Beleaguered movie tycoon Harvey Weinstein pleaded, on Monday, not guilty to several new charges for sexual advances against a third woman, who came forward to accuse him of misconduct that dates back to 2006.

A grand jury charged the 66-year-old disgraced producer with one count of criminal sexual act in the third degree as well as two counts of predatory sexual assault, a felony that carries a maximum sentence of life in prison, NBC News reported.

In a press statement, District Attorney Cyrus R. Vance said, "A Manhattan Grand Jury has now indicted Harvey Weinstein on some of the most serious sexual offenses that exist under New York's Penal Law."

Weinstein's lawyer, Ben Brafman, asserted his innocence, saying he expected the movie producer to be "fully vindicated."

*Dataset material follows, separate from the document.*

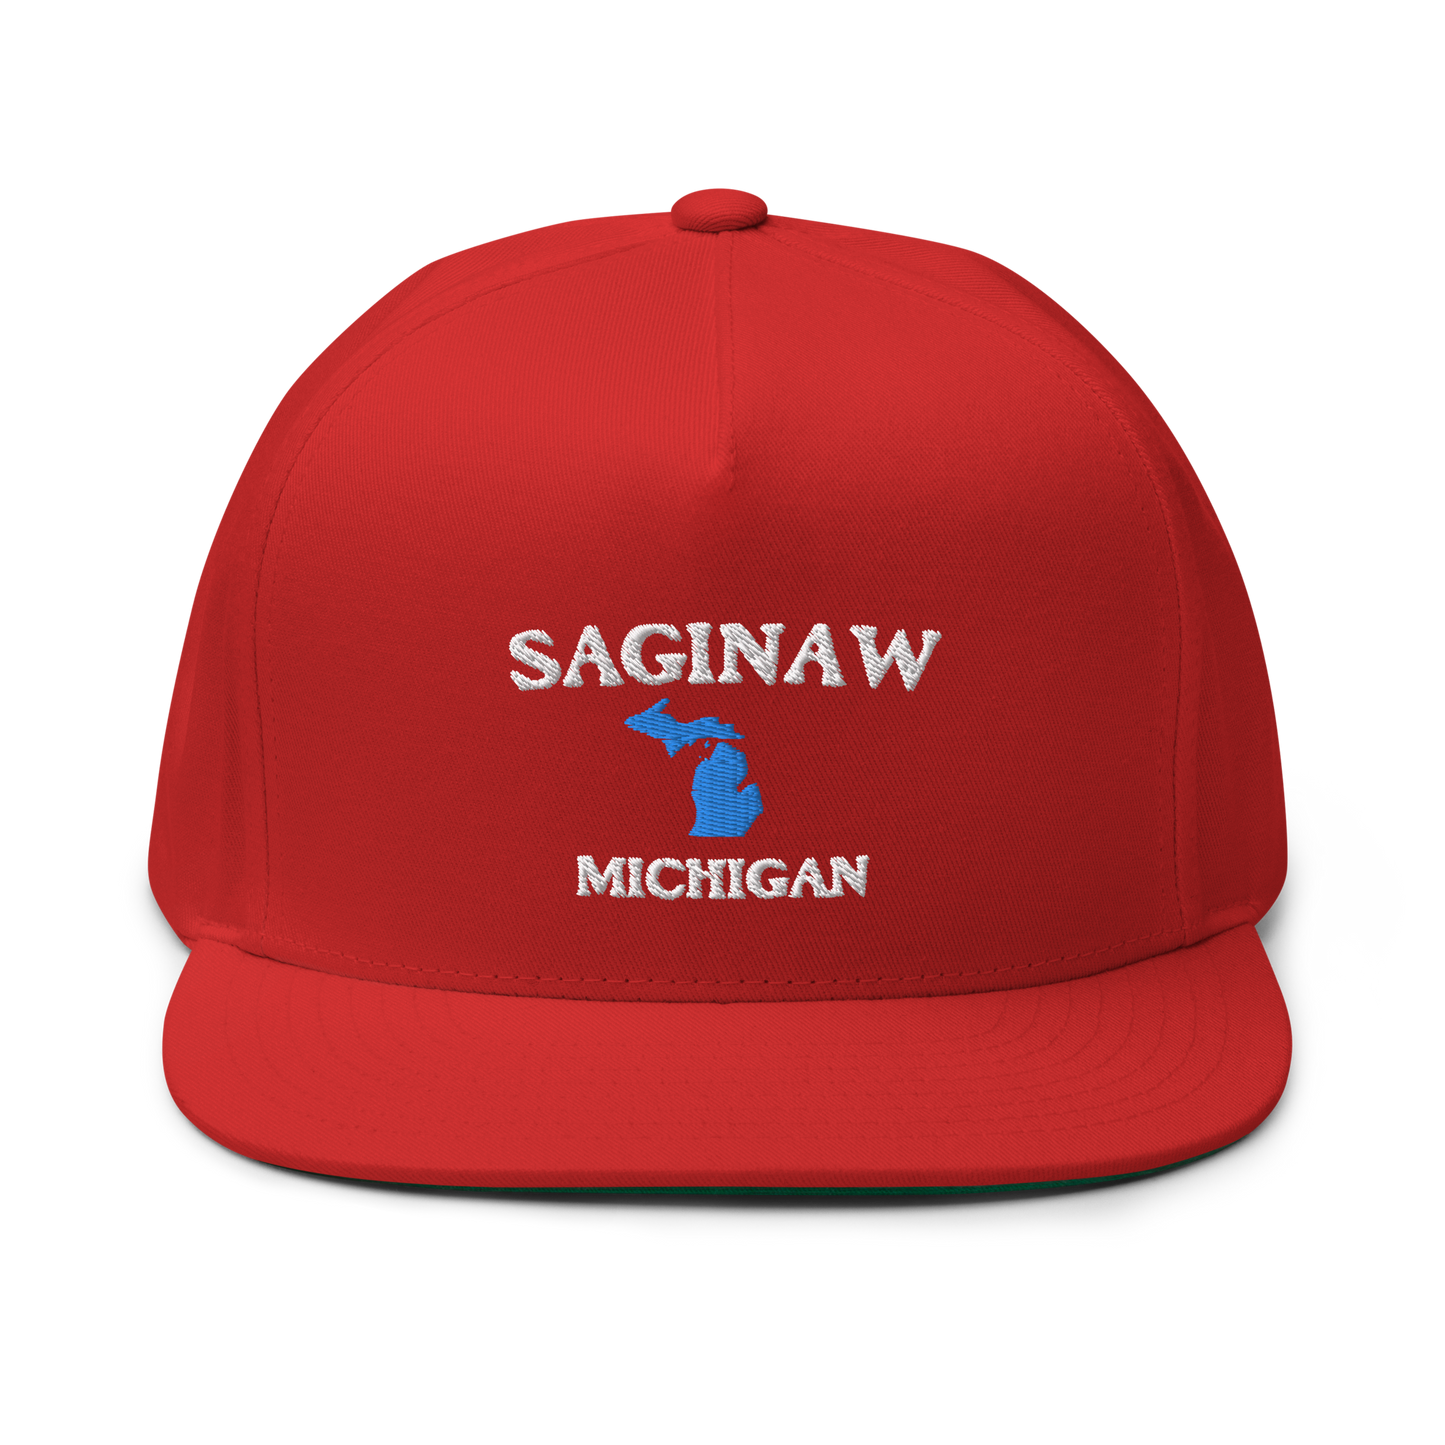 'Saginaw Michigan' Flat Bill Snapback (w/ Michigan Outline)

Weinstein previously faced charges of raping a woman in a hotel room in 2013 and forcing another one to perform oral sex on him in 2004.

After requesting protection for "two additional survivors," Manhattan prosecutors are expected to levy even more charges against the former co-chairman of the now defunct The Weinstein Company.

After the Monday court hearing, Brafman said they will address any new legal tribulations as "they come." Although Weinstein entered court in handcuffs and has surrendered his passport, prosecutors pushed for new bail restrictions, including house arrest.

"He is currently without a passport and there is a million-dollar bail posted and he has an electronic device on him," Brafman successfully argued in court.

Harvey Weinstein court
Getty Images | Drew Angerer

While Weinstein left the courthouse without talking to journalists, Brafman dismissed any allegations against his client as "preposterous" and a smear campaign by "Pulitzer-driven reporters." (The New York Times and the New Yorker shared a Pulitzer Prize, the highest journalistic honor, for public service for exposing Weinstein's alleged sexual wrongdoings).

The lawyer for the third accuser, Gloria Allred, offered counter-comments. She said Weinstein needs to take the stand in order to prove any sexual encounter was consensual.

"Are you really willing to have your client face the jury?" she asked after Brafman stepped down from the microphone. "I doubt that you will take that risk, Mr. Brafman."

Allred declined to identify her client or provide any further details into her story, which, she said, will be recounted in trail.

Weinstein turned himself in in June and pleaded not guilty to three felony counts in New York Supreme Court. He is currently free on a $1 million bond and purportedly dissects scripts and works as a paralegal.